03/12/2025
💜 A Therapist’s Take on the GBV Crisis in South Africa
As a mental health practitioner, the numbers coming out of South Africa aren’t just statistics;
they are a mirror reflecting the depth of collective trauma women are carrying.
Fifteen women losing their lives to gender-based violence every single day is not just a crime issue.
It’s a psychological emergency.
It means entire communities are living in chronic fear.
It means girls are learning early that love may come with danger.
It means survivors are navigating trauma with very little societal support.
The Purple Movement rose from the ground up because the emotional weight became unbearable.
Women were no longer grieving privately.
They transformed their pain into public protest.
They turned timelines purple, lay on the ground for 15 minutes, marched through streets,
and forced the world to confront a truth many preferred to avoid.
From a therapeutic standpoint, this movement matters because:
💜 Trauma heals in community.
When survivors see others standing with them, their shame decreases and their voice strengthens.
💜 Collective protest interrupts collective silence.
Silence is where abuse grows.
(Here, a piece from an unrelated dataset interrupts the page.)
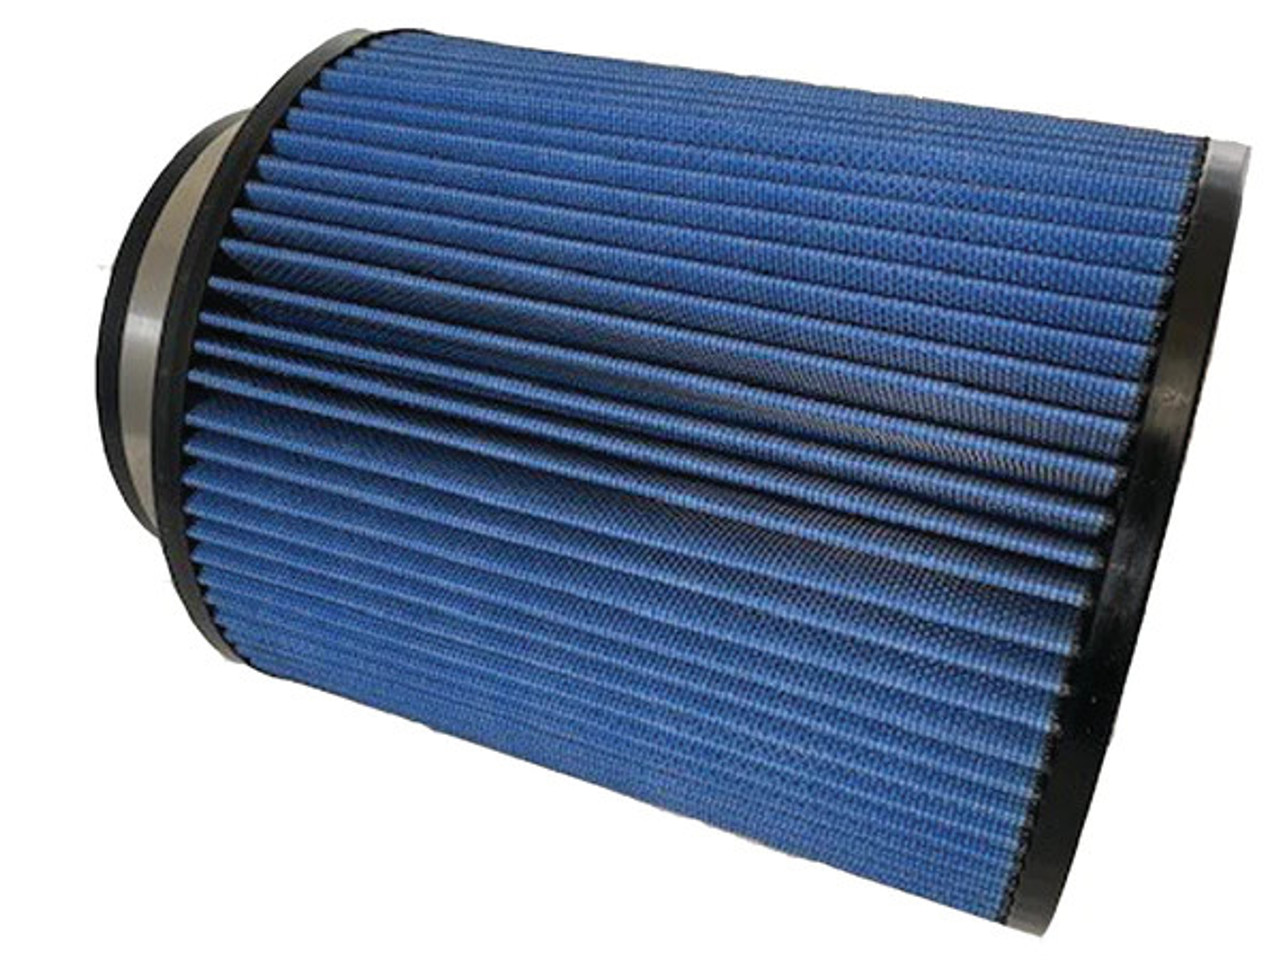 Direct Replacement for Volvo air filter part number 21496510 & Walker 1004937
10.42" Tall x 7.6" Wide x 4.74" Throat

Visibility is where healing begins.
💜 Public solidarity restores a sense of safety.
In unsafe societies, movements like this create psychological safety, even before policies change.
But the deeper question remains:
How do we build a society where women do not have to survive?
Where girls do not have to calculate their safety?
Where trauma is not the inheritance passed down through generations?
As a therapist, I can say this with certainty:
Ending GBV isn’t just about policing,
it’s about culture, healing, accountability, and teaching boys and men emotional responsibility.
Women are speaking.
They’re rising.
They’re painting the continent purple to remind us that their lives are not optional.
May this be more than a moment.
May it be the beginning of a healed society.